[YOUR GOAL]:
Your answer must contain each line of the listing in which "This" appears, copied in full.

[RAW DATA]:
________________________________________
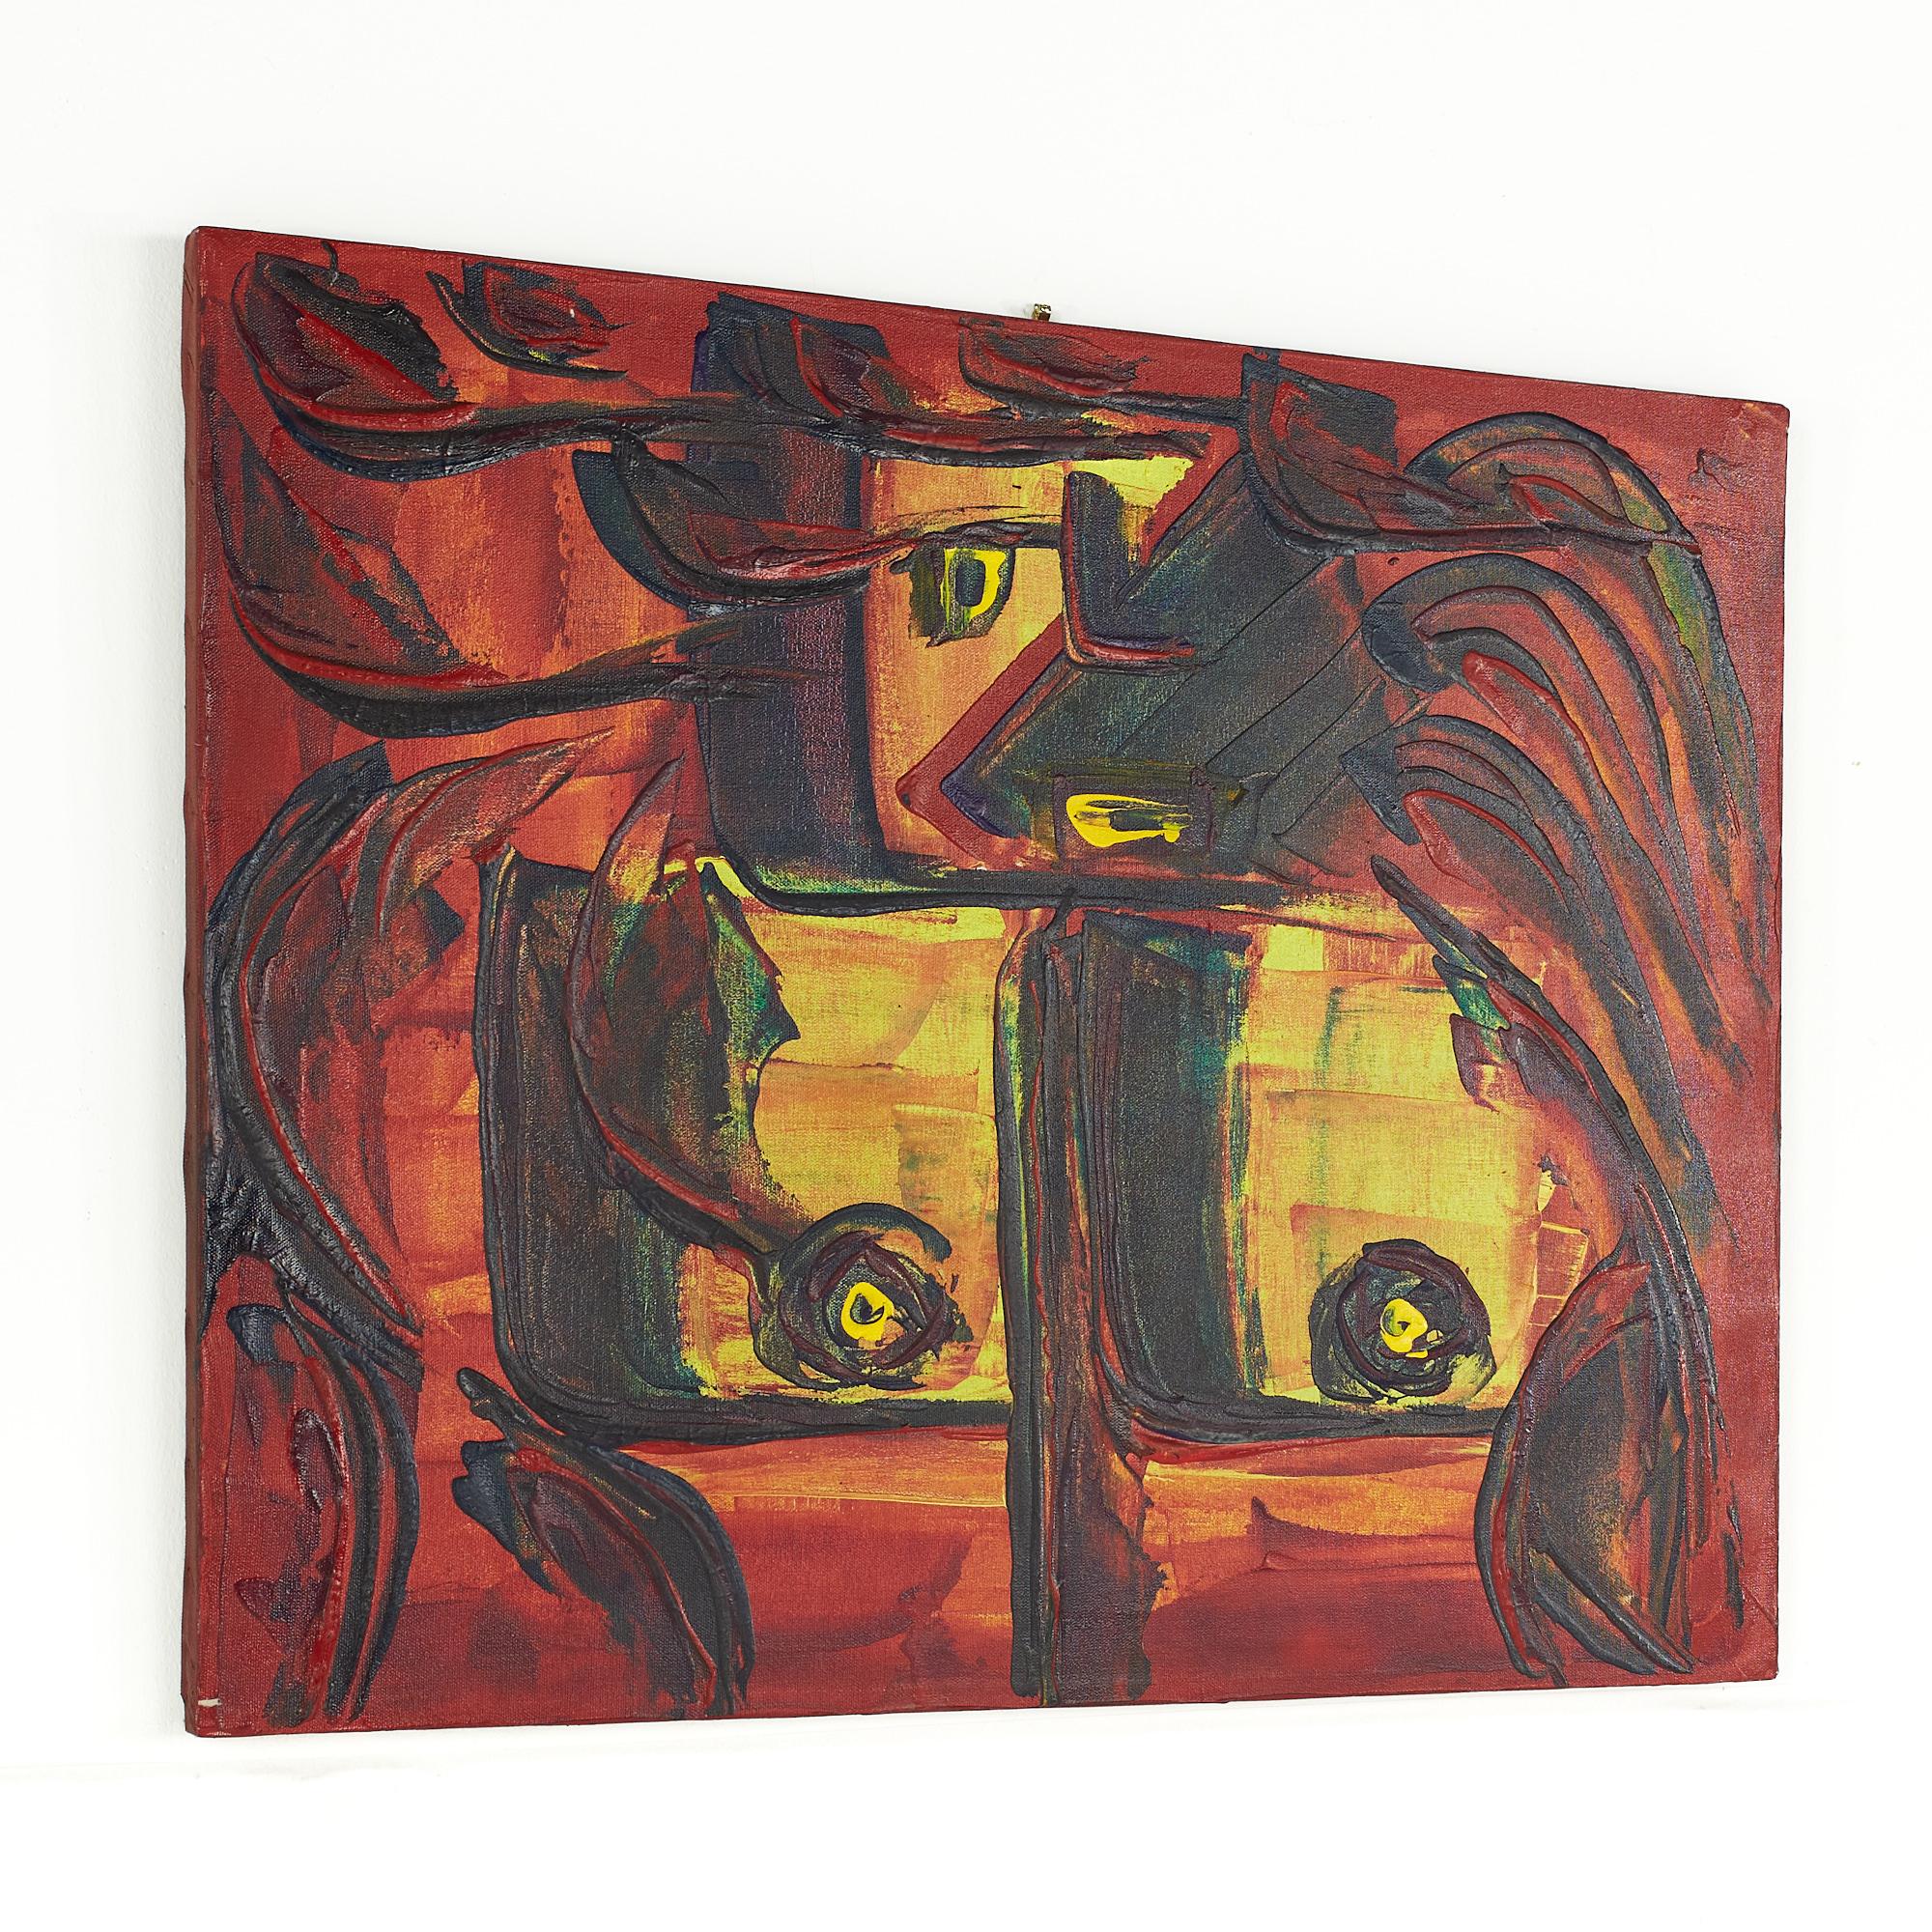 Bruce Myers mid-century abstract original oil on canvas painting no. 5

This painting measures: 22 wide x .75 deep x 28 inches high.

This painting is in good vintage condition.

We take our photos in a controlled lighting studio to show as
________________________________________
[RESULT]:
This painting measures: 22 wide x .75 deep x 28 inches high.
This painting is in good vintage condition.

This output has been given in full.